Content starts

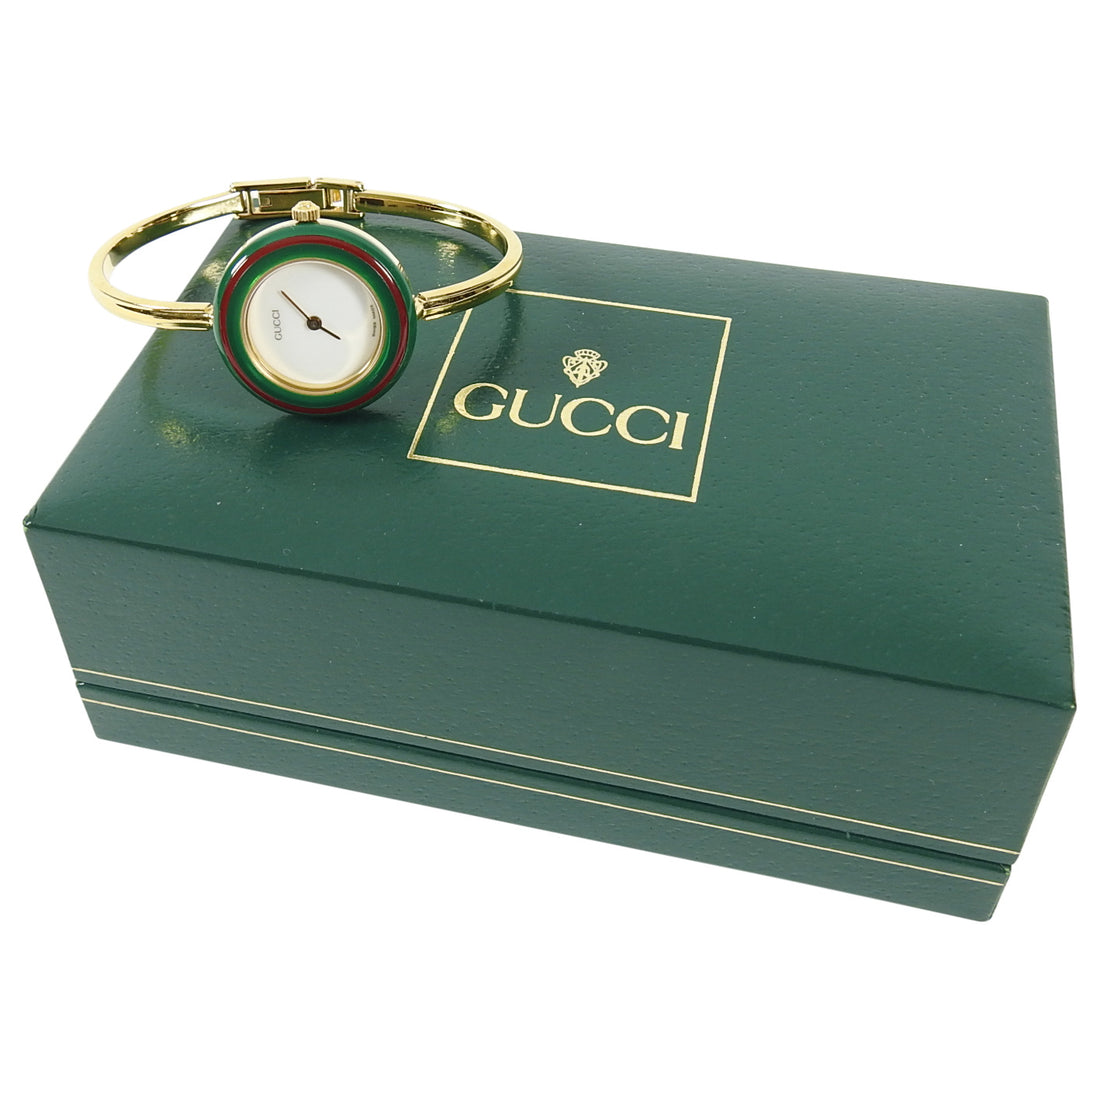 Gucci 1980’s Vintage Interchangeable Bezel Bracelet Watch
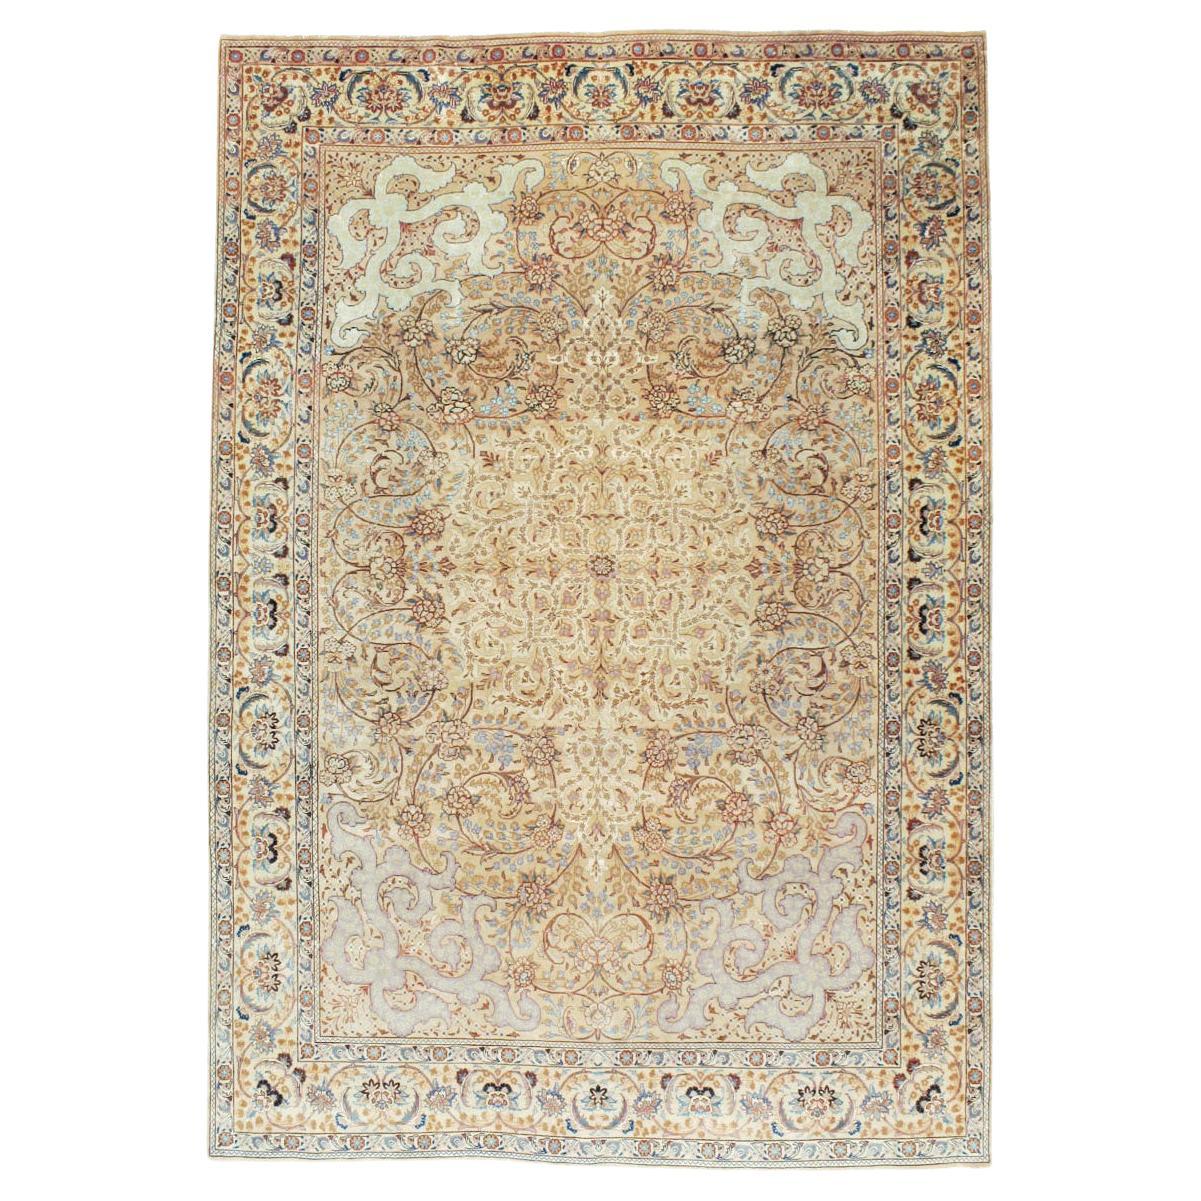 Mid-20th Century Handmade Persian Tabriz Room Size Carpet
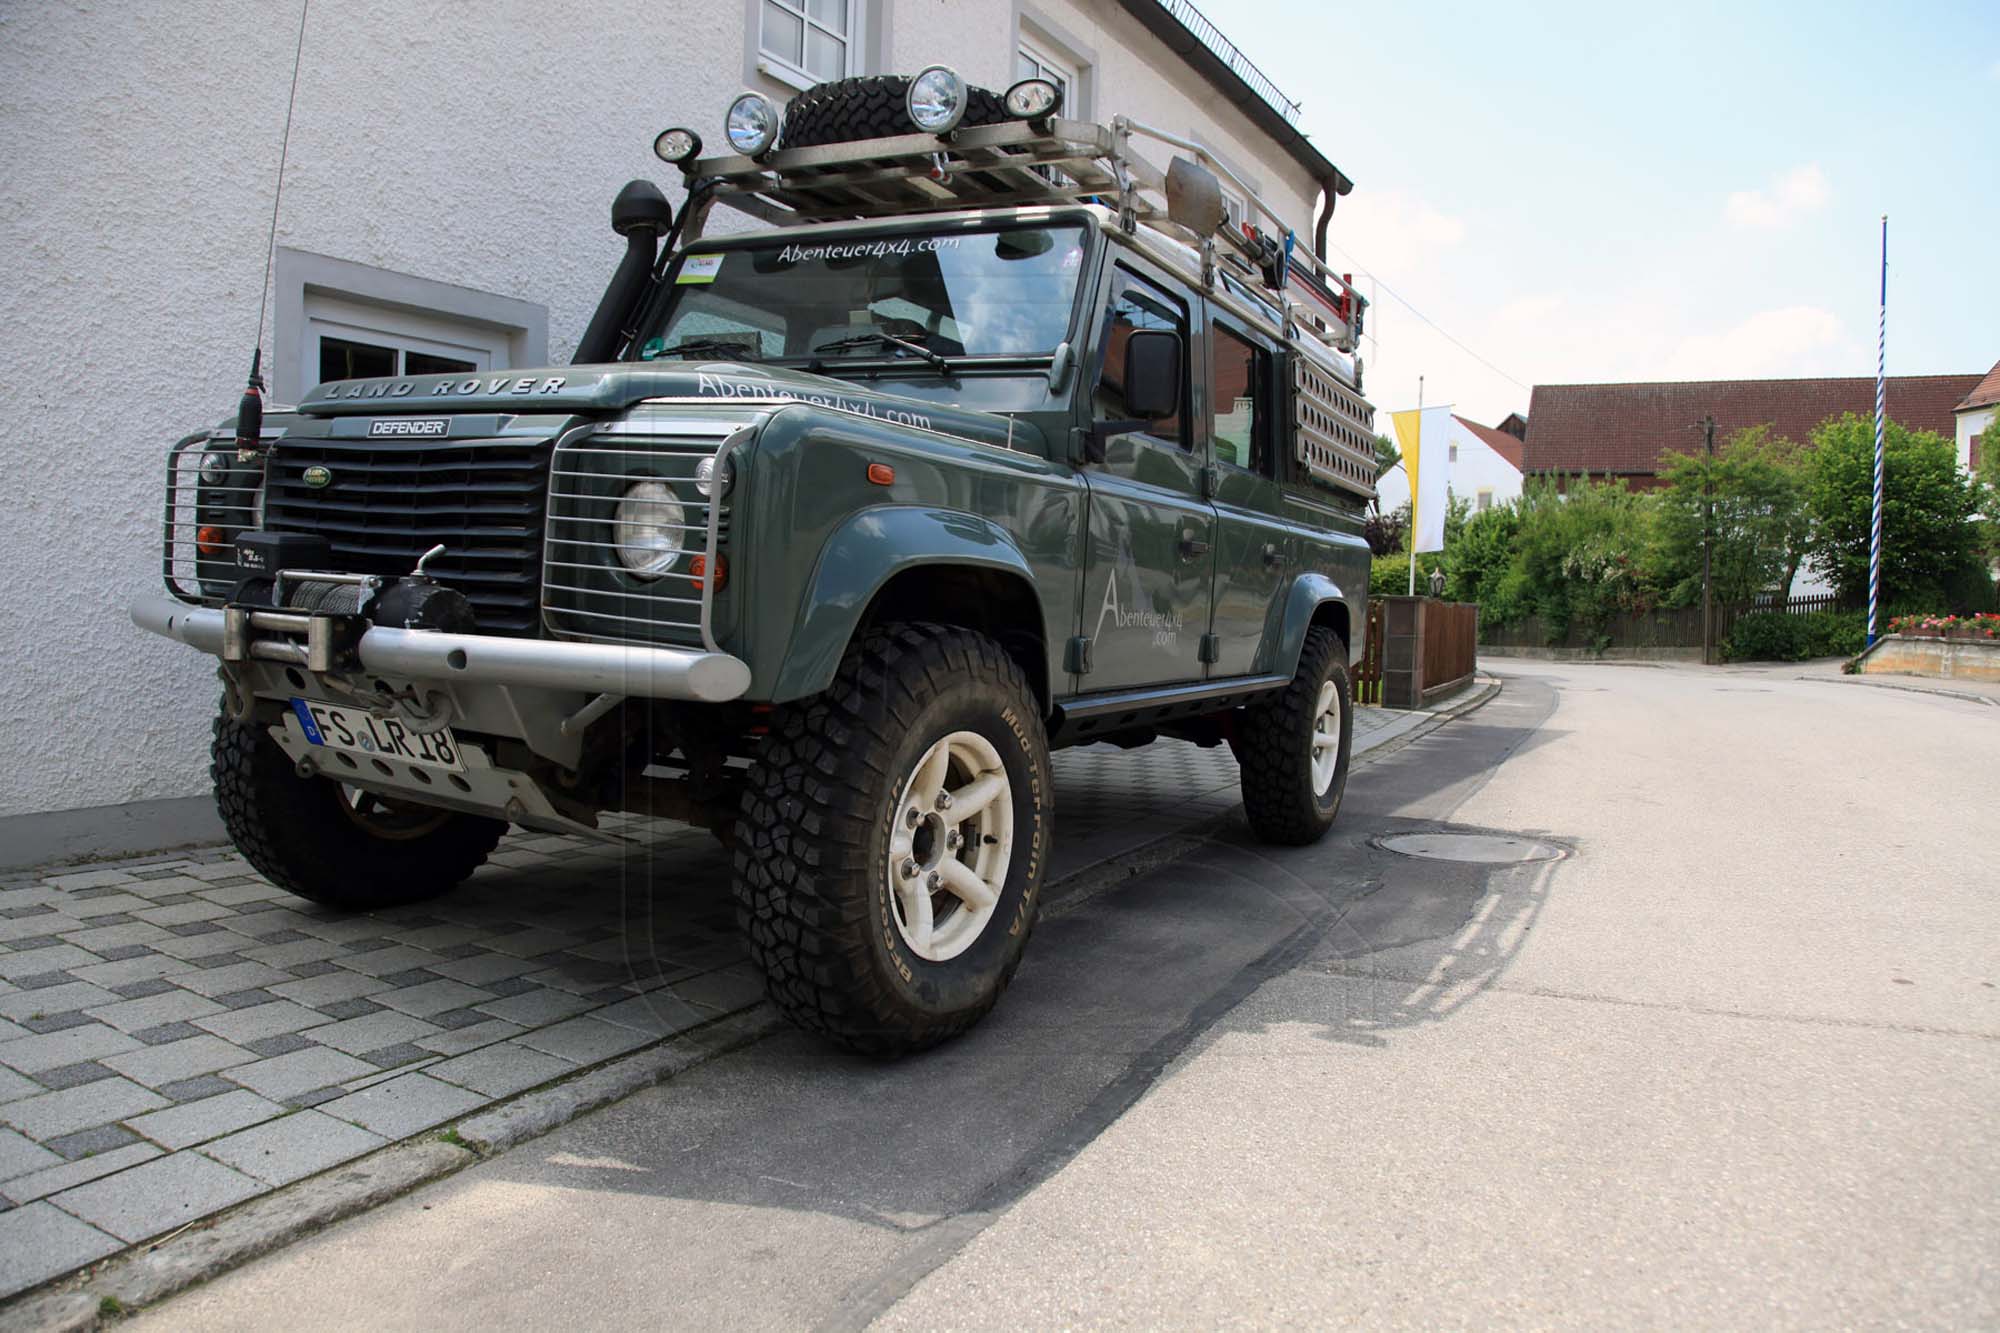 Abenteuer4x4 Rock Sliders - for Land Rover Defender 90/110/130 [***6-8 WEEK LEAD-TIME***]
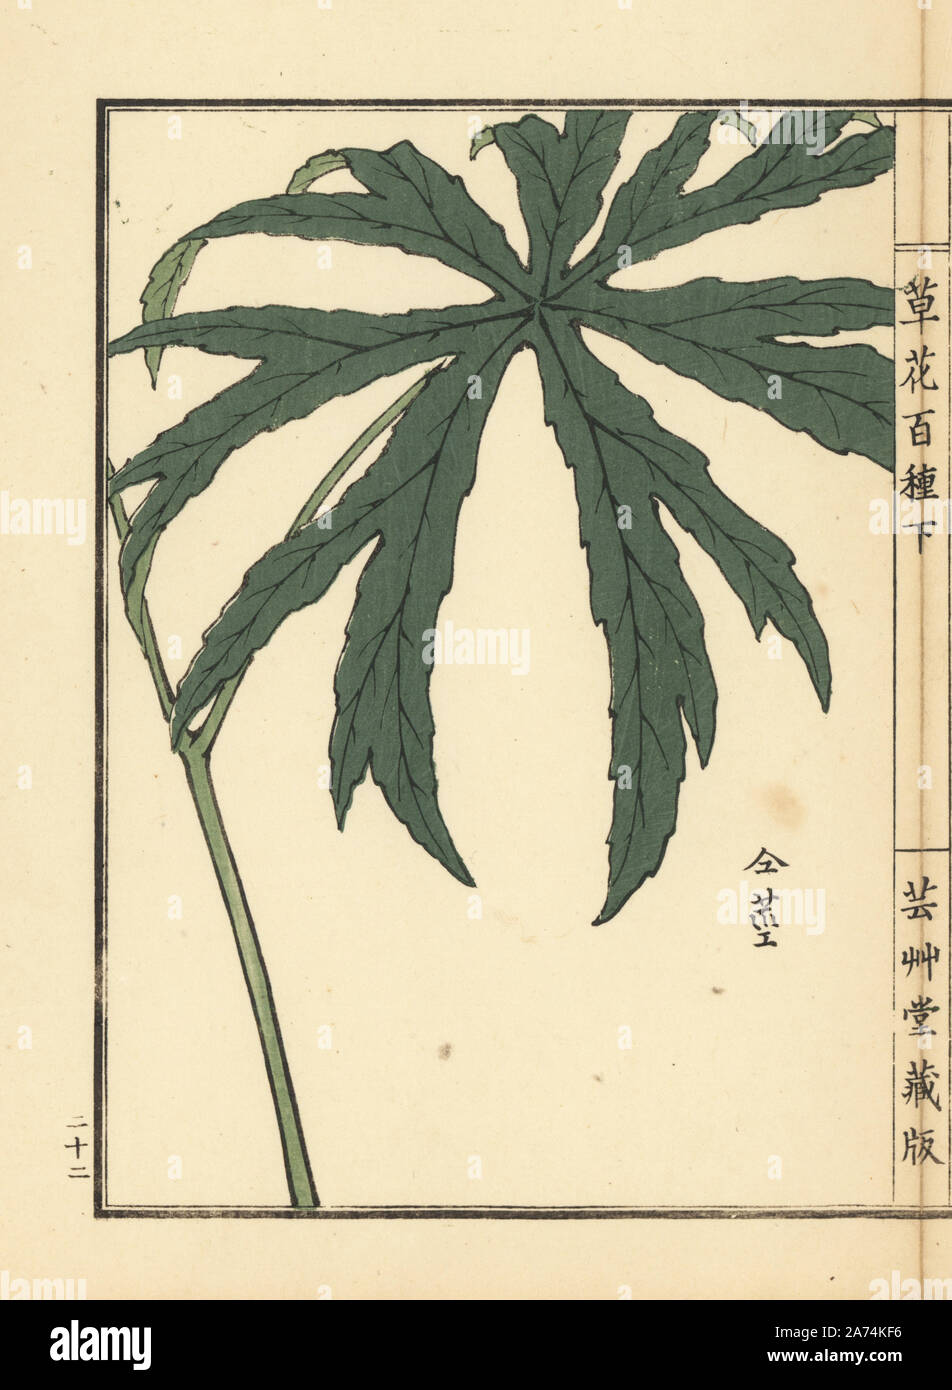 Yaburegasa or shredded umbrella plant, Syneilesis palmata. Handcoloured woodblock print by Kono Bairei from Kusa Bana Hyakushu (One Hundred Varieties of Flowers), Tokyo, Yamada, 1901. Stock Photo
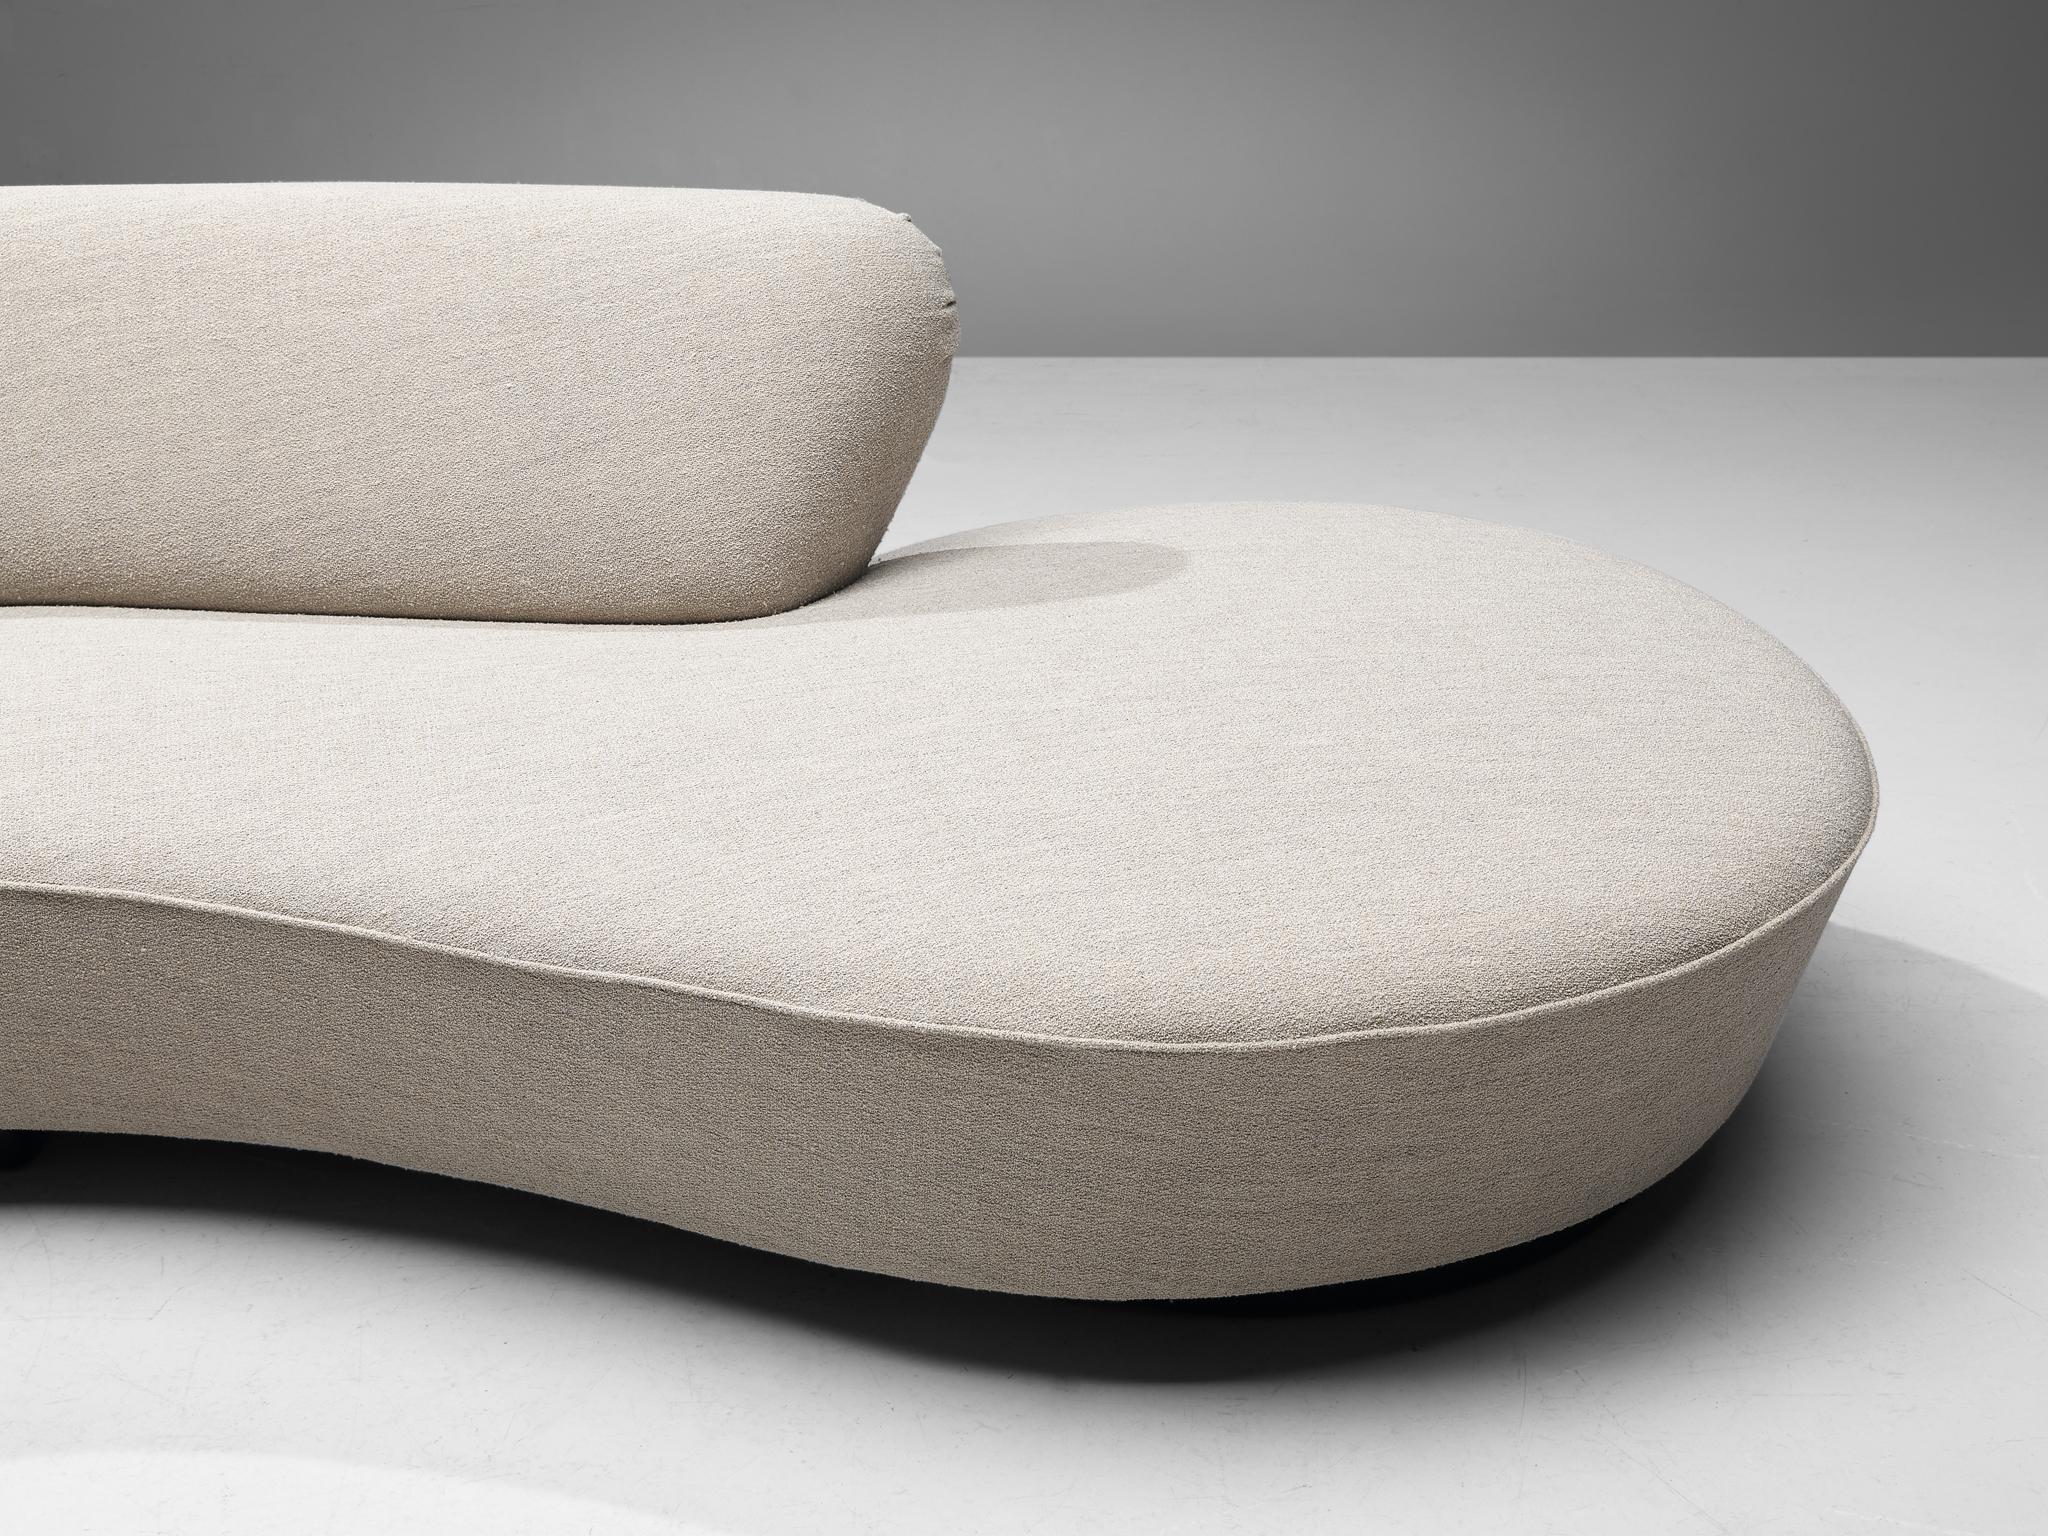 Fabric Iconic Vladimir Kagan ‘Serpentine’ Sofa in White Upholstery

Content ends

| Work required |
Repeat the entries verbatim; no pictures.

| Result for this exercise |
 Gucci 1980’s Vintage Interchangeable Bezel Bracelet Watch
 Mid-20th Century Handmade Persian Tabriz Room Size Carpet
 Abenteuer4x4 Rock Sliders - for Land Rover Defender 90/110/130 [***6-8 WEEK LEAD-TIME***]
 Yaburegasa or shredded umbrella plant, Syneilesis palmata. Handcoloured woodblock print by Kono Bairei from Kusa Bana Hyakushu (One Hundred Varieties of Flowers), Tokyo, Yamada, 1901. Stock Photo
 Fabric Iconic Vladimir Kagan ‘Serpentine’ Sofa in White Upholstery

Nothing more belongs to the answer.